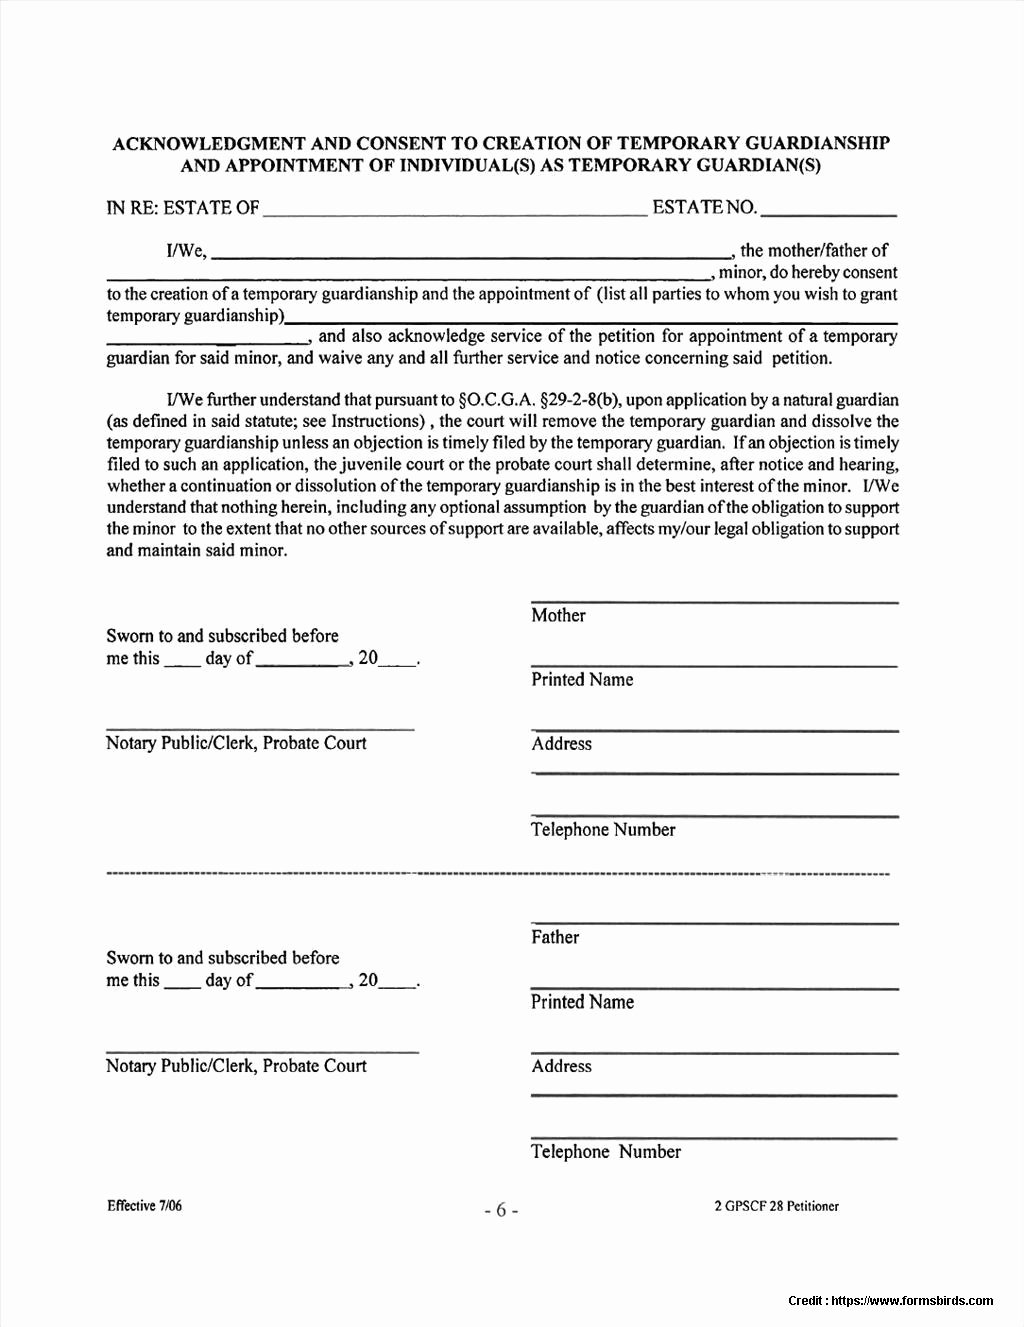 Sample Guardianship Letter In Case Of Death Fresh Legal Guardianship forms Free Download form Resume
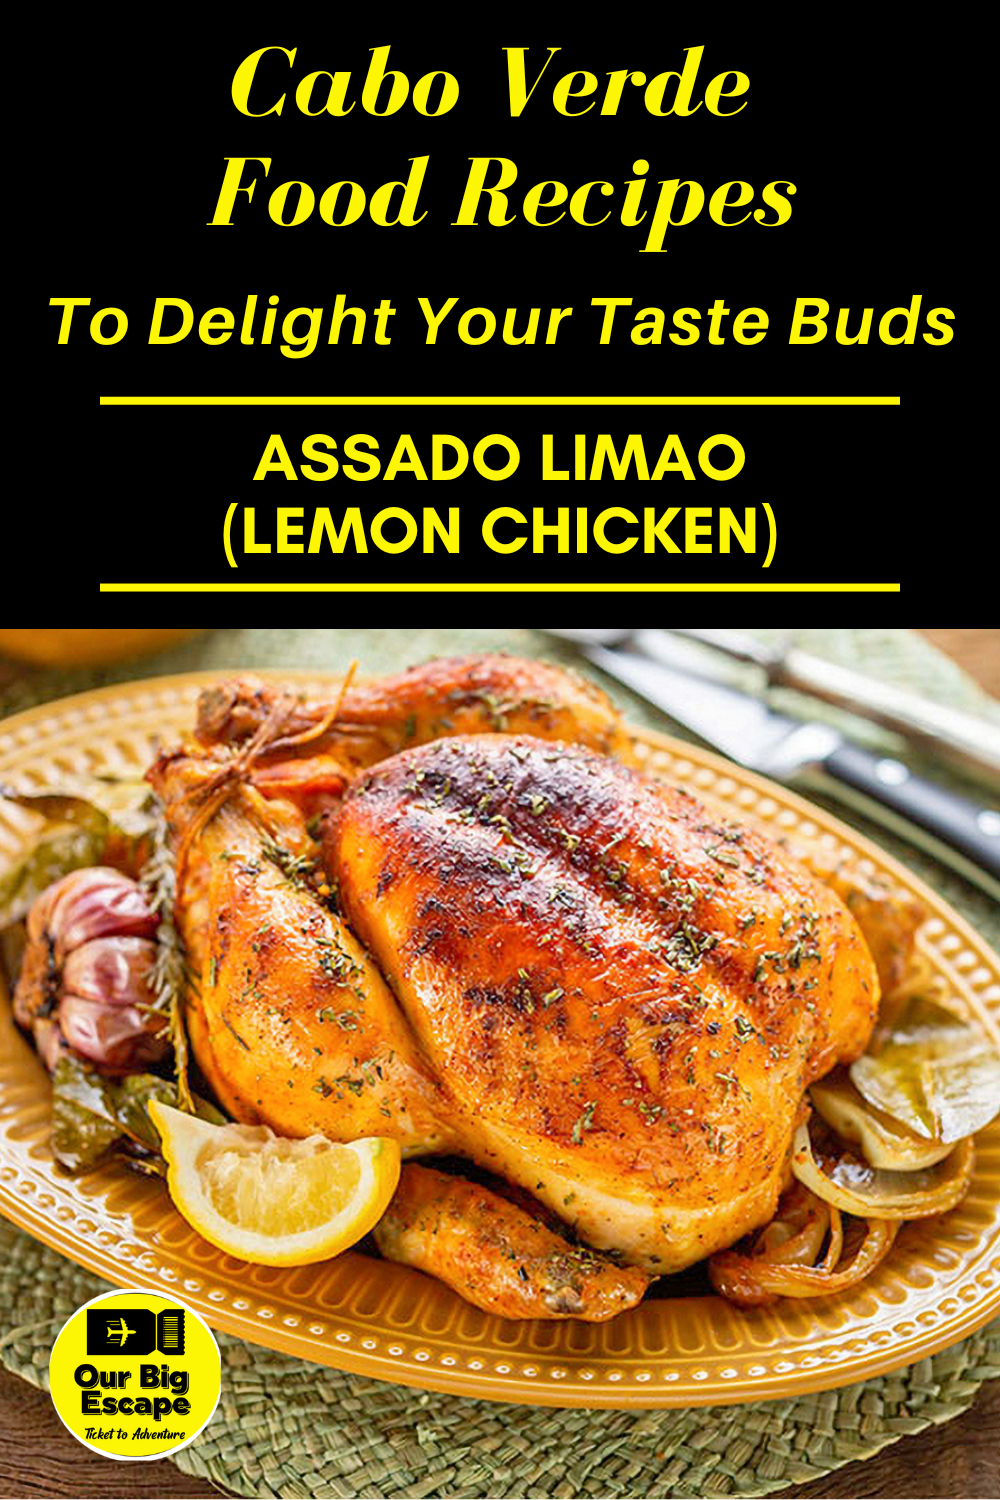 Assado Limao (Lemon Chicken) - Cabo Verde Food Recipes To Delight Your Taste Buds
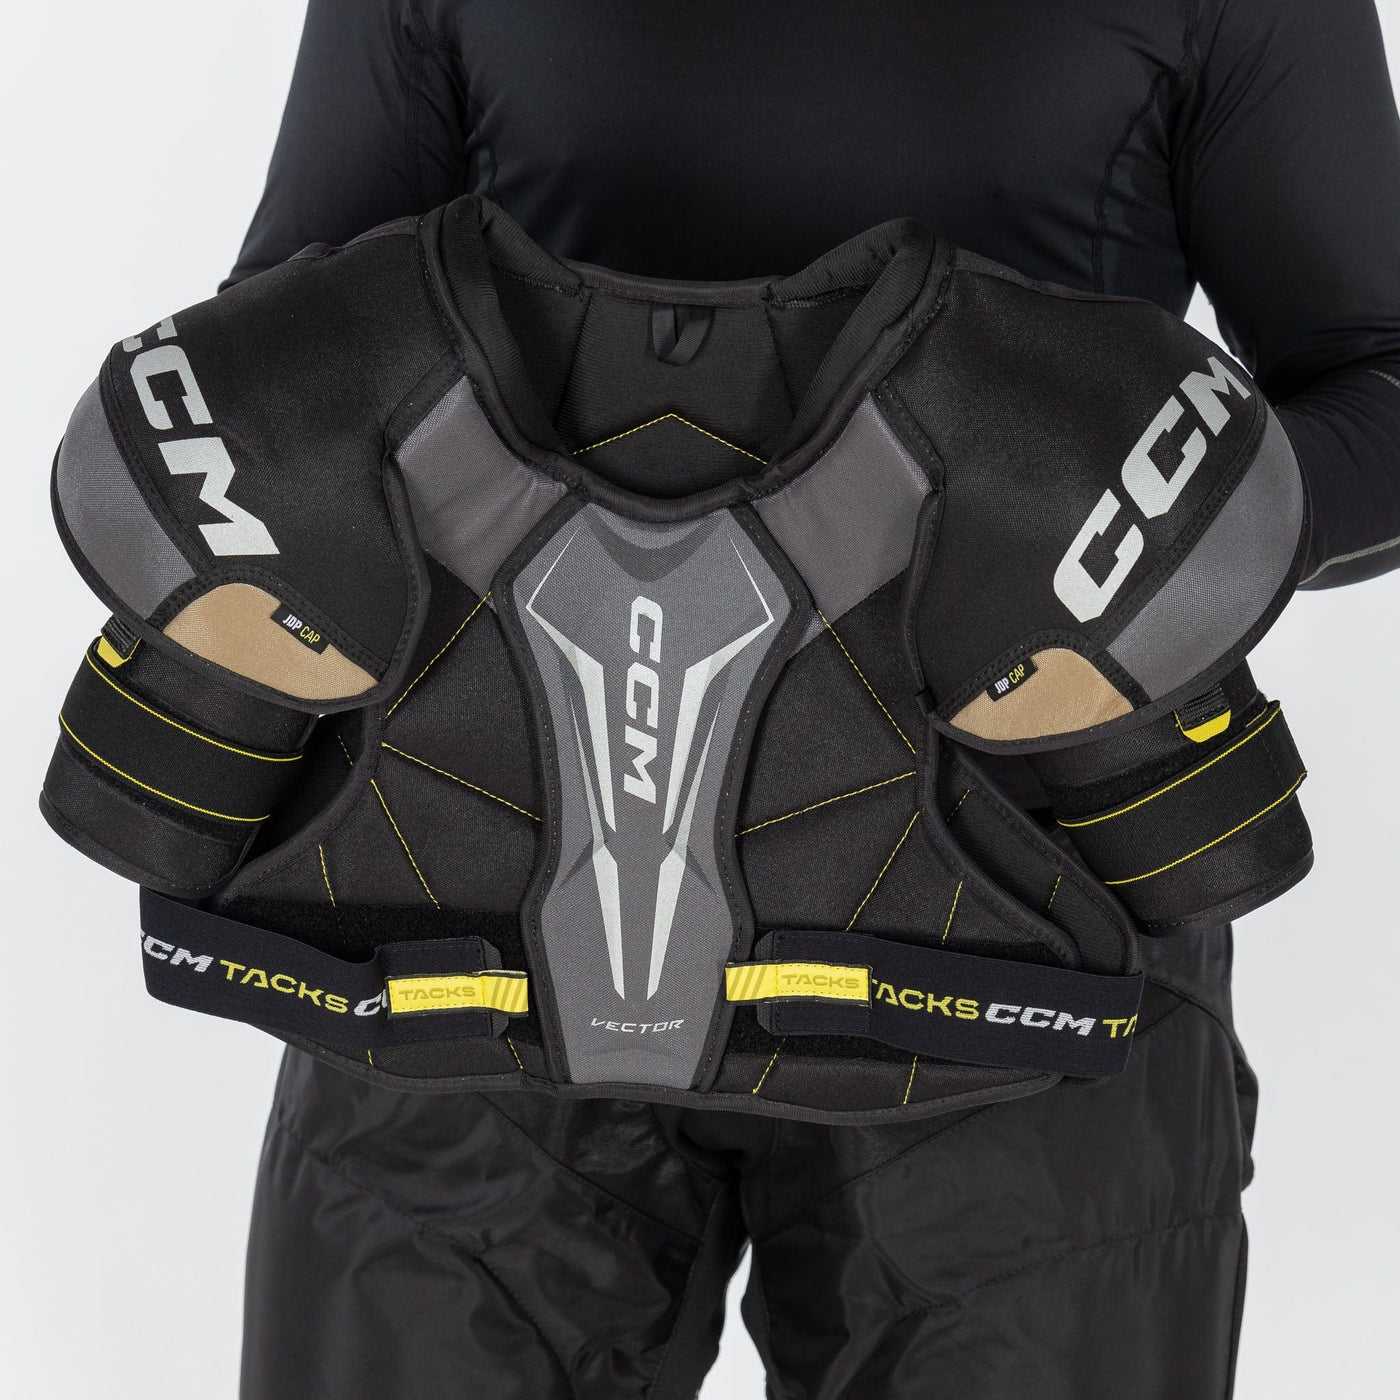 CCM Tacks Vector Senior Hockey Shoulder Pads - The Hockey Shop Source For Sports

(Task prompt)
Nothing but the lines from the line containing "Assado Limao (Lemon" through the end of the data, both ends included, is to be reproduced, exactly as written and without the pictures.

(The answer)
 Assado Limao (Lemon Chicken) - Cabo Verde Food Recipes To Delight Your Taste Buds
 CCM Tacks Vector Senior Hockey Shoulder Pads - The Hockey Shop Source For Sports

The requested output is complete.